Additional monitoring servers (help wanted)

NoahMcNallie · March 27, 2019, 6:50am

I really hope this gets done. All my servers are dropping out as soon as they score up. There is nothing wrong with them that they can’t handle though

Noah

erayd · March 28, 2019, 12:58am

All my servers are dropping out as soon as they score up. There is nothing wrong with them that they can’t handle though.

If they are only dropping out when they get added to the rotation (score >= 10), then the issue is unlikely to be monitoring, and there is probably actually something wrong on your end. If the problem was a monitoring issue, it should also still be dropping when the score is below 10.

If the issue is not with the server, then I’d recommend you take a look at the network - in particular, that connection tracking (and by implication NAT) is disabled for NTP packets, in both directions. The server is not the only place where NTP traffic can cause load problems. Depending on your network topology, this may need to be configured on more than one router.

Something else to consider - when initially setting up an NTP server on my current ISP, it tripped their DDOS-mitigation rules, and much of the traffic was dropped before it even reached me. This was resolved by simply calling them and having my server’s IP excluded from that monitoring. If you are certain that you have ruled out both your server and your network as potential causes, then talking to your upstream(s) may be a good idea.

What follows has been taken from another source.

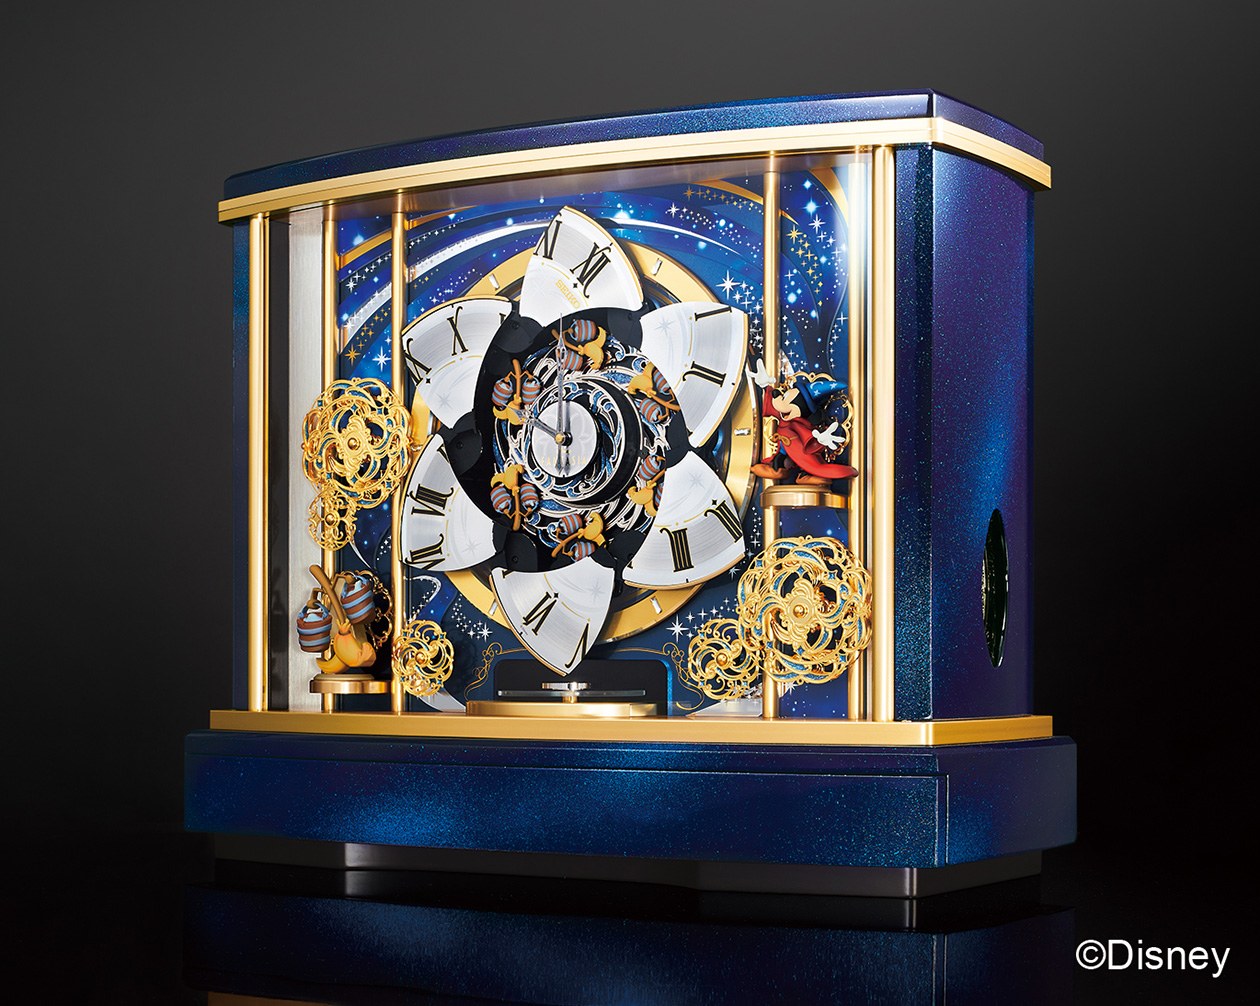 ディズニー映画『ファンタジア』のからくり時計が登場。5台限定で1100万円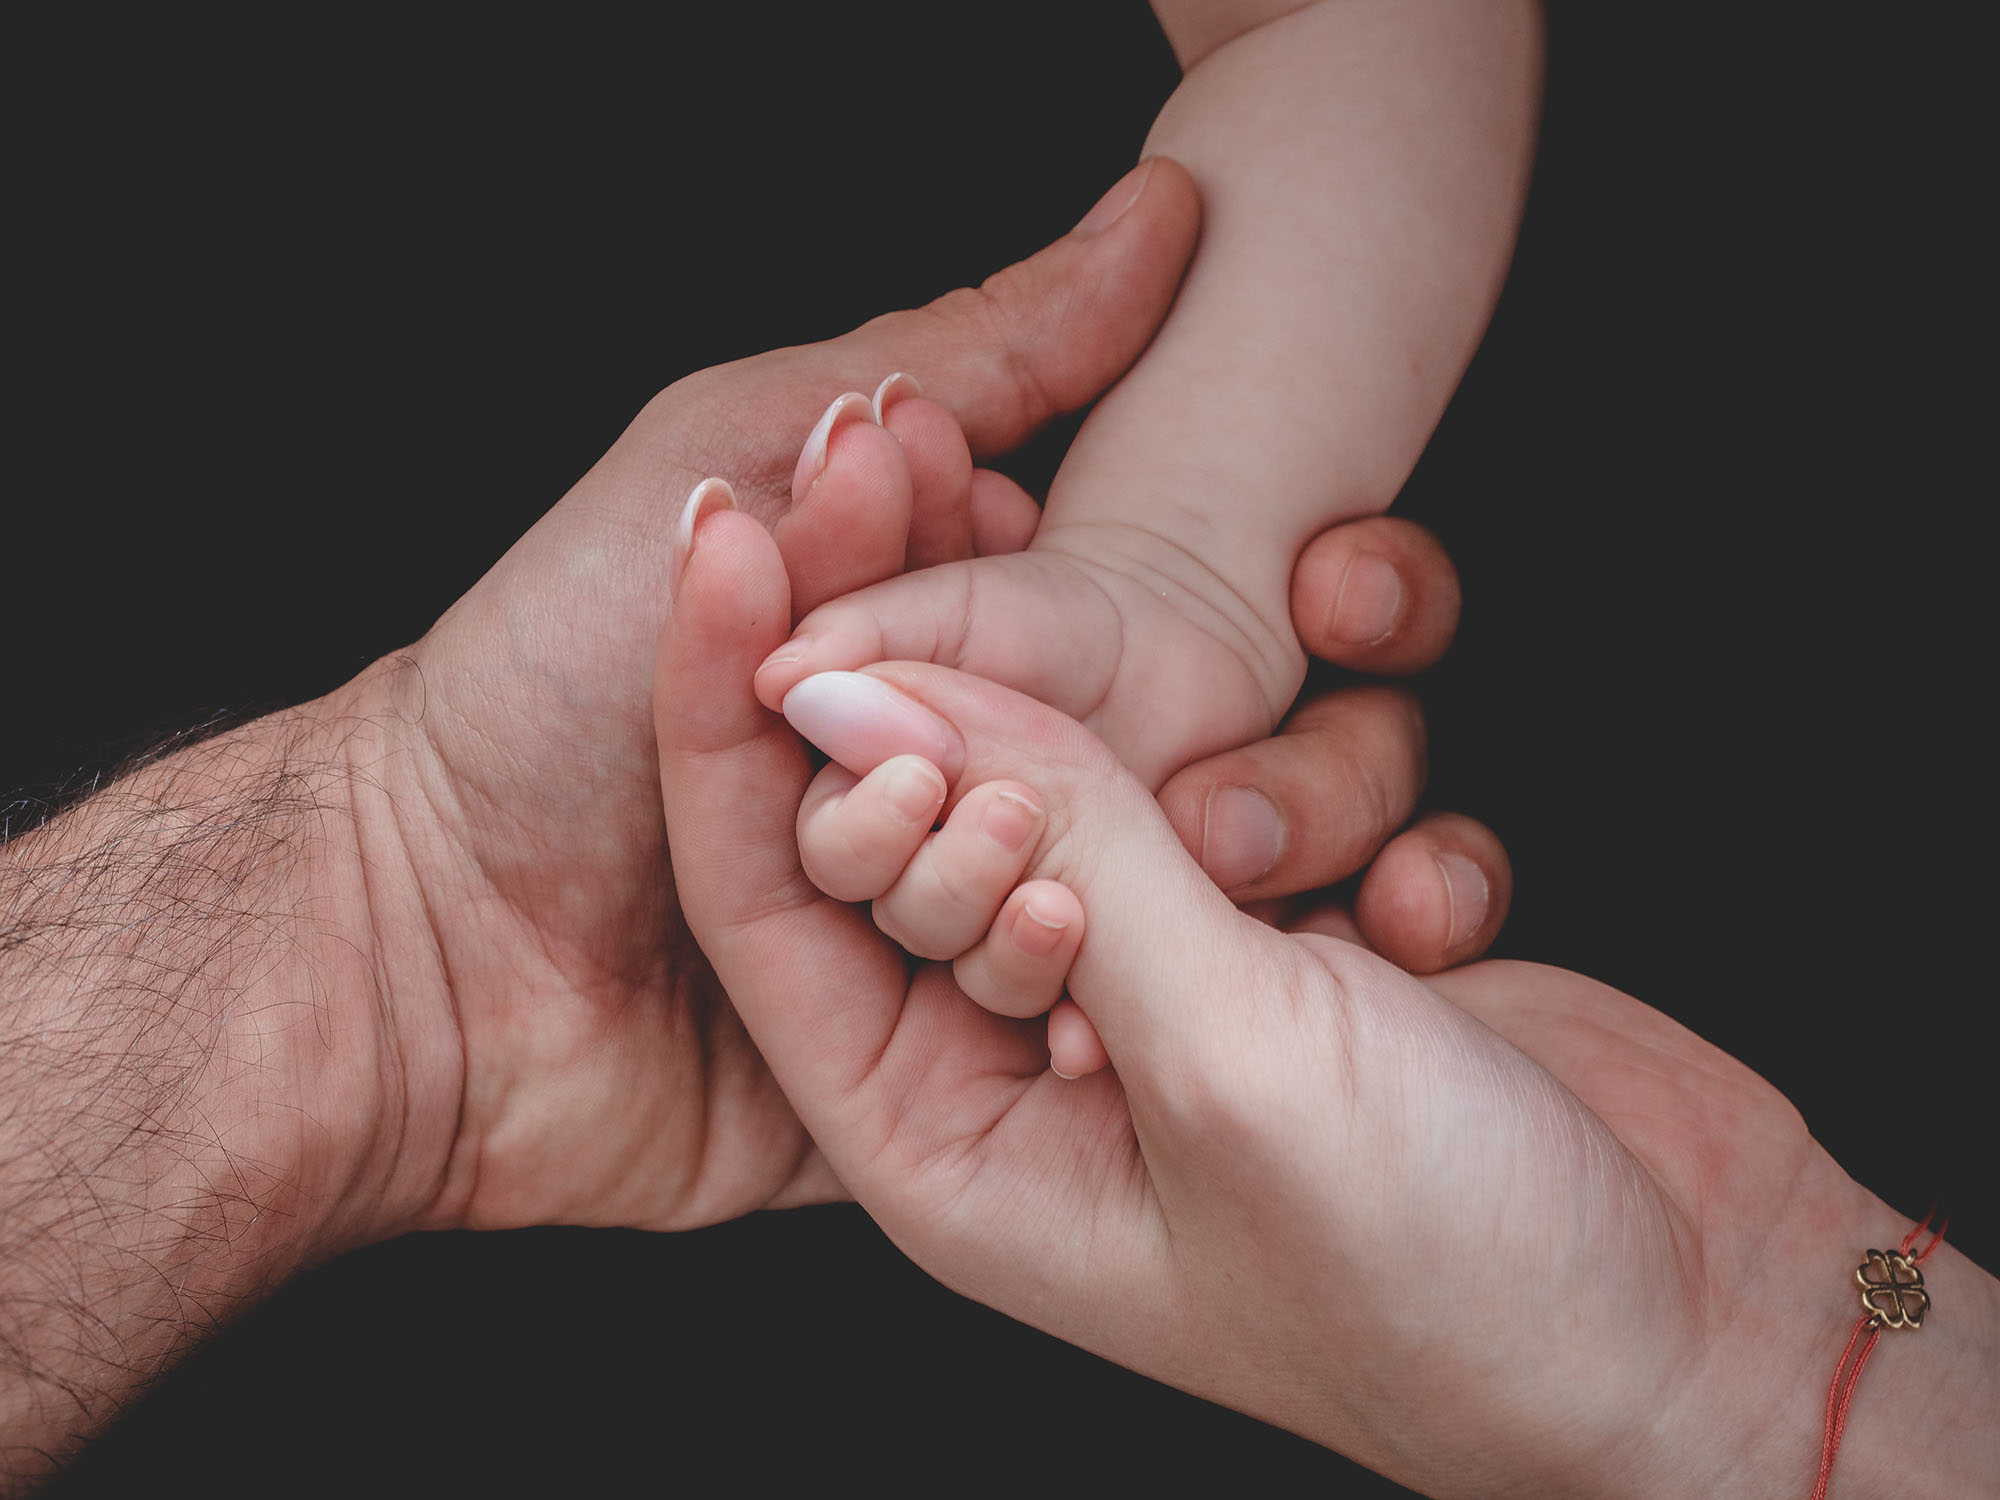 Handed family. Младенец на руках. Родители с младенцем на руках. Руки родителей. Ручки малыша в руках родителей.

alica · March 28, 2019, 1:21pm

It is. Quoting from my server’s monitor log:

1553776099,"2019-03-28 12:28:19",0.035440914,1,-1.9,1,"Los Angeles",0,
1553776099,"2019-03-28 12:28:19",0.035440914,1,-1.9,,,0,
1553775143,"2019-03-28 12:12:23",0,-5,-3.1,1,"Los Angeles",,"i/o timeout"
1553775143,"2019-03-28 12:12:23",0,-5,-3.1,,,,"i/o timeout"
1553774179,"2019-03-28 11:56:19",0.033143745,1,2,1,"Los Angeles",0,
1553774179,"2019-03-28 11:56:19",0.033143745,1,2,,,0,
1553773207,"2019-03-28 11:40:07",0.036694936,1,1.1,1,"Los Angeles",0,
1553773207,"2019-03-28 11:40:07",0.036694936,1,1.1,,,0,
1553772238,"2019-03-28 11:23:58",0.037754256,1,0.1,1,"Los Angeles",0,
1553772238,"2019-03-28 11:23:58",0.037754256,1,0.1,,,0,
1553771333,"2019-03-28 11:08:53",0.032810487,1,-1,1,"Los Angeles",0,
1553771333,"2019-03-28 11:08:53",0.032810487,1,-1,,,0,
1553770236,"2019-03-28 10:50:36",0,-5,-2.1,1,"Los Angeles",,"i/o timeout"
1553770236,"2019-03-28 10:50:36",0,-5,-2.1,,,,"i/o timeout"
1553769058,"2019-03-28 10:30:58",0.036298195,1,3.1,1,"Los Angeles",0,
1553769058,"2019-03-28 10:30:58",0.036298195,1,3.1,,,0,
1553767887,"2019-03-28 10:11:27",0,-5,2.2,1,"Los Angeles",,"i/o timeout"
1553767887,"2019-03-28 10:11:27",0,-5,2.2,,,,"i/o timeout"
1553766671,"2019-03-28 09:51:11",0.026999843,1,7.6,1,"Los Angeles",0,
1553766671,"2019-03-28 09:51:11",0.026999843,1,7.6,,,0,
1553765564,"2019-03-28 09:32:44",0.034973041,1,6.9,1,"Los Angeles",0,
1553765564,"2019-03-28 09:32:44",0.034973041,1,6.9,,,0,
1553764393,"2019-03-28 09:13:13",0.033346673,1,6.2,1,"Los Angeles",0,
1553764393,"2019-03-28 09:13:13",0.033346673,1,6.2,,,0,
1553763277,"2019-03-28 08:54:37",0,-5,5.5,1,"Los Angeles",,"i/o timeout"
1553763277,"2019-03-28 08:54:37",0,-5,5.5,,,,"i/o timeout"
1553762148,"2019-03-28 08:35:48",0.032394437,1,11.1,1,"Los Angeles",0,
1553762148,"2019-03-28 08:35:48",0.032394437,1,11.1,,,0,
1553760980,"2019-03-28 08:16:20",0.028899206,1,10.6,1,"Los Angeles",0,
1553760980,"2019-03-28 08:16:20",0.028899206,1,10.6,,,0,
1553759770,"2019-03-28 07:56:10",0.034931327,1,10.1,1,"Los Angeles",0,

erayd · March 28, 2019, 3:30pm

Not everybody has the same issue. NoahMcNallie indicated that their server was only having issues once it was added to the rotation (i.e. score >= 10), which indicates that monitoring isn’t the issue in that case.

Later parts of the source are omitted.